The curtain fell for the last time at about 22:35 yesterday and it is now 03:22 on Wednesday. Since then I have travelled 180 miles by rail and another 32 by road. I have read the programme from cover to cover.  Yet I cannot sleep because I am still excited about Liam Scarlett's new production of Swan Lake.

There are hardly any gimmicks in this production.  There are no new characters.  The story is unchanged:
"Prince Siegfried chances upon a flock of swans while out hunting. When one of the swans turns into a beautiful woman, Odette, he is enraptured. But she is under a spell that holds her captive, allowing her to regain her human form only at night.
The evil spirit Von Rothbart, arbiter of Odette’s curse, disguises his daughter Odile as Odette to trick Siegfried into breaking his vow of love. Fooled, Siegfried declares his love for Odile, and so dooms Odette to suffer under the curse forever (see the Royal Opera House's website).
Yet there was still innovation (see How choreographer Liam Scarlett is reimagining Swan Lake on the Royal Opera House's site).

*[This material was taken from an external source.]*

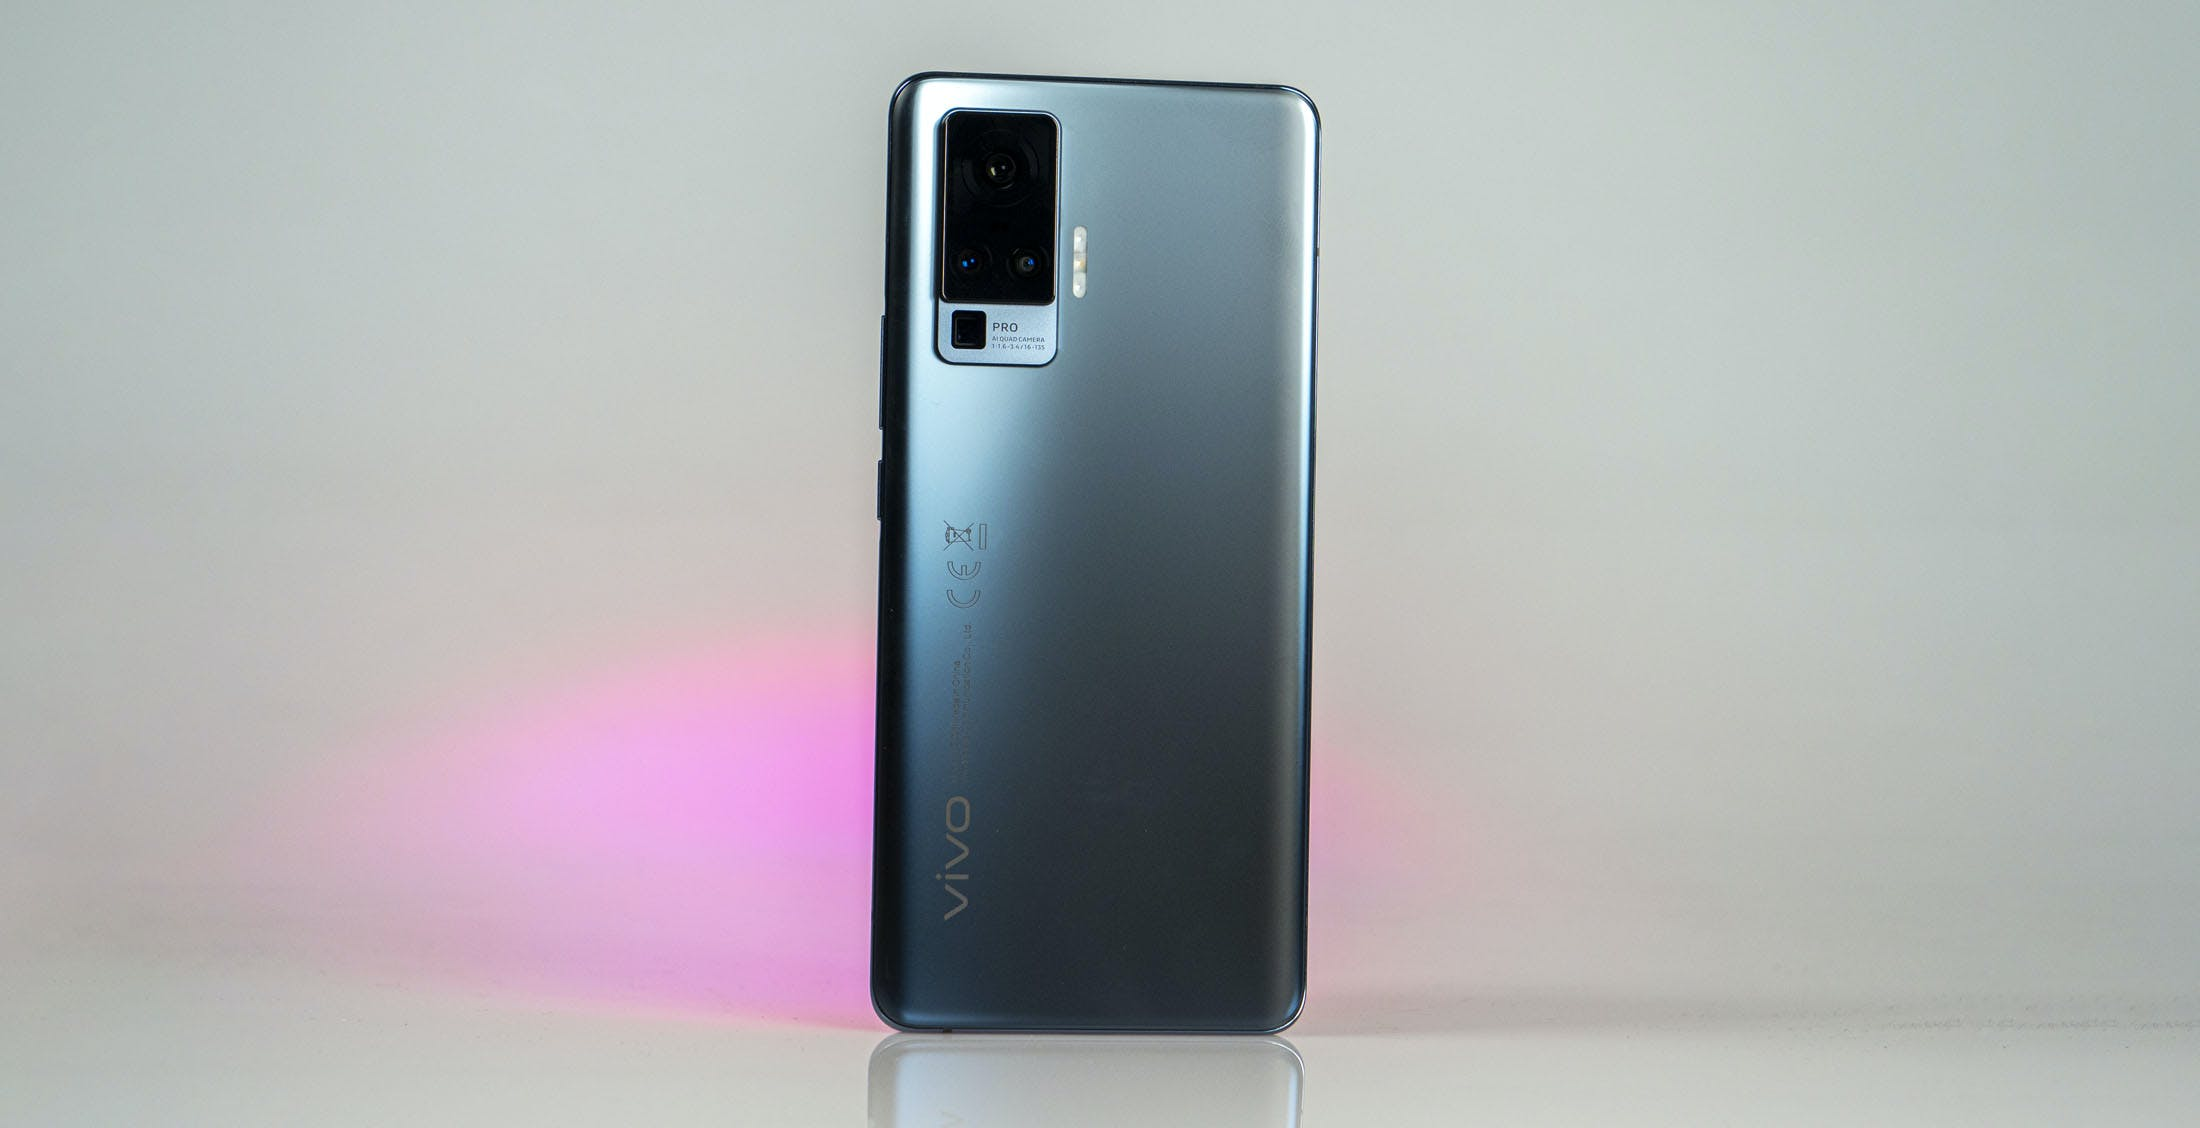 Anteprima Vivo X51 5G, debutta lo smartphone con gimbal
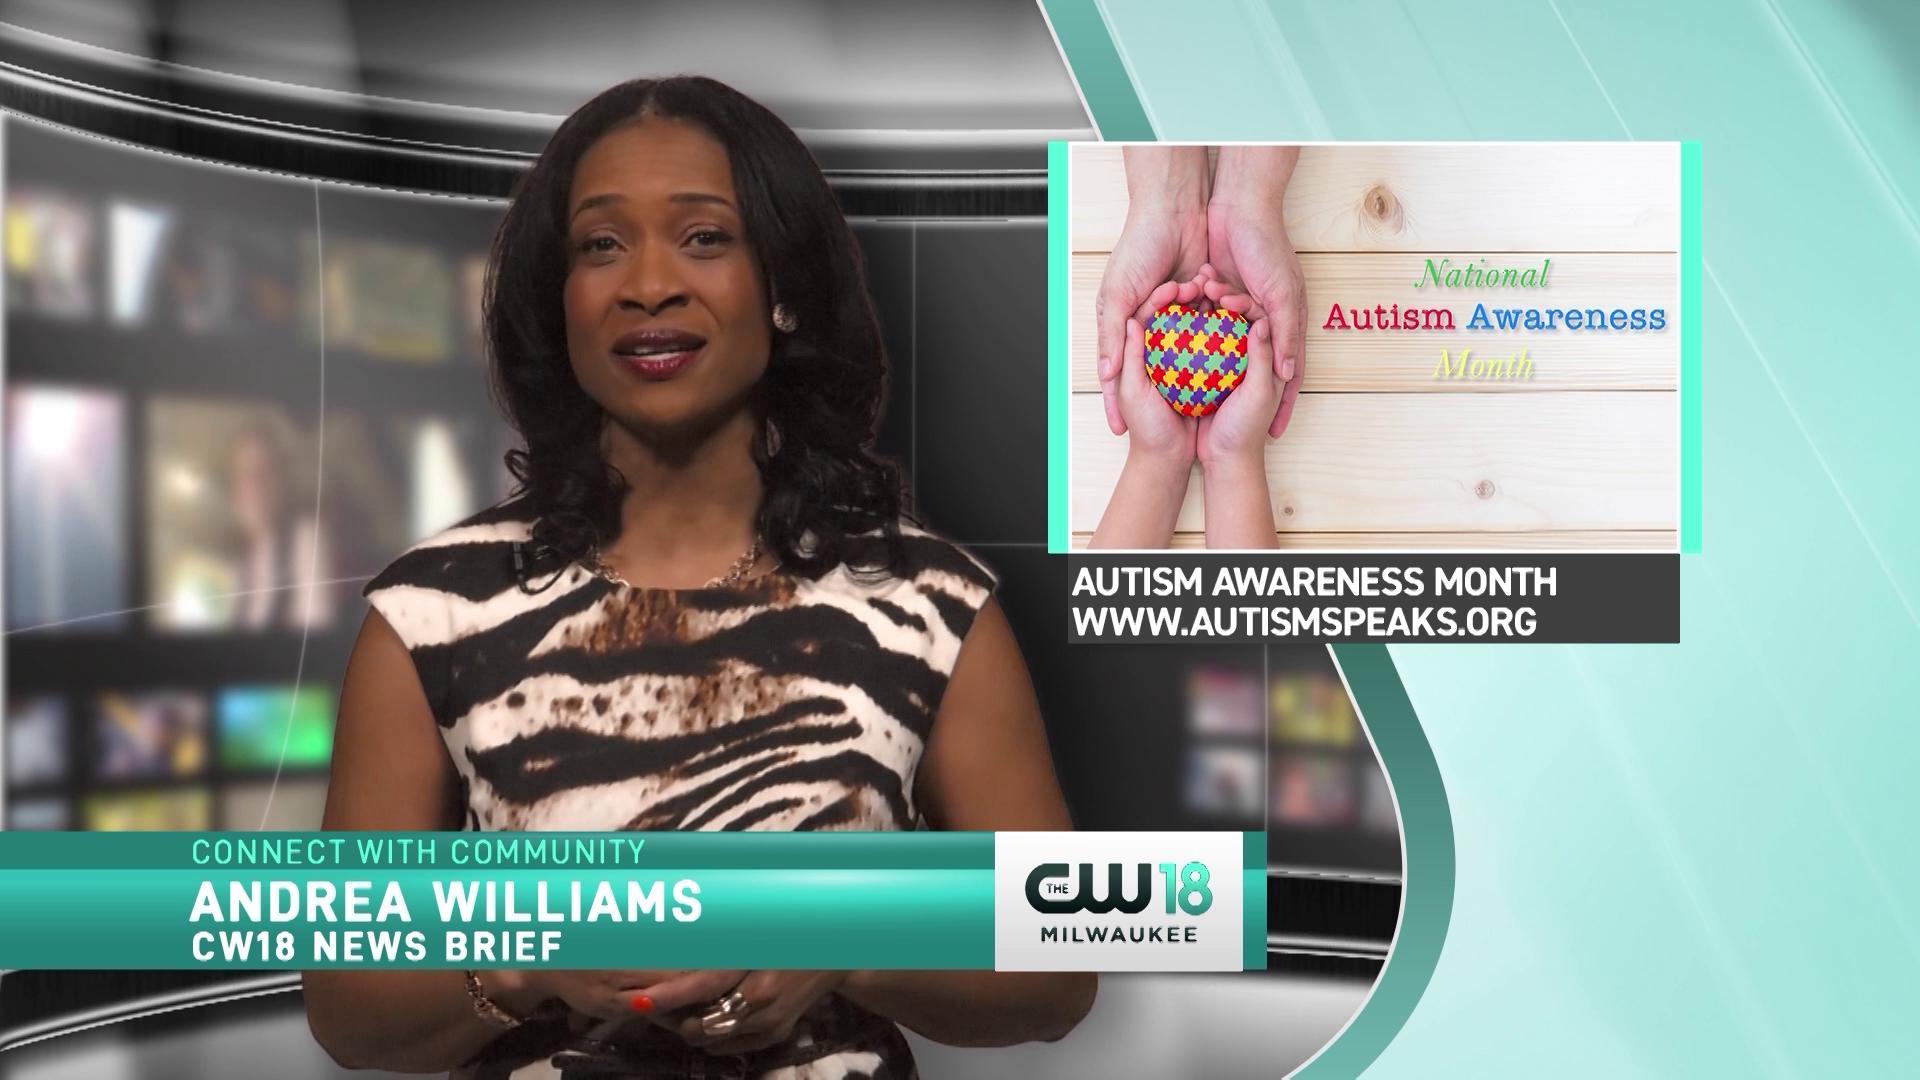 CW 18 News Brief | Autism Awareness Month

There are, of course, John Macfarlane's brilliant new designs which I shall discuss later. For me the most striking innovation was the elevation of Baron von Rothbart from scary cape waving sorcerer on a rock to a an even more menacing scheming court insider reminding me just a little bit of President Putin.  Although he appears in the prologue the baron's first intervention in the story is as the queen's adviser.  It is obvious that he exerts considerable influence over her.  The idea that the prince should marry may even have been his idea.  He throws his weight around when he is alone with the prince. He reminds Siegfried of his mother's command to choose a bride. When Siegfried is about to leave the stage with his crossbow, von Rothbart gestures to him to put it down.  This enhanced role for the baron affects the dynamic of the story and in my view makes it much more realistic.  Particularly the third act when von Rothbart promotes his daughter as a possible royal bride.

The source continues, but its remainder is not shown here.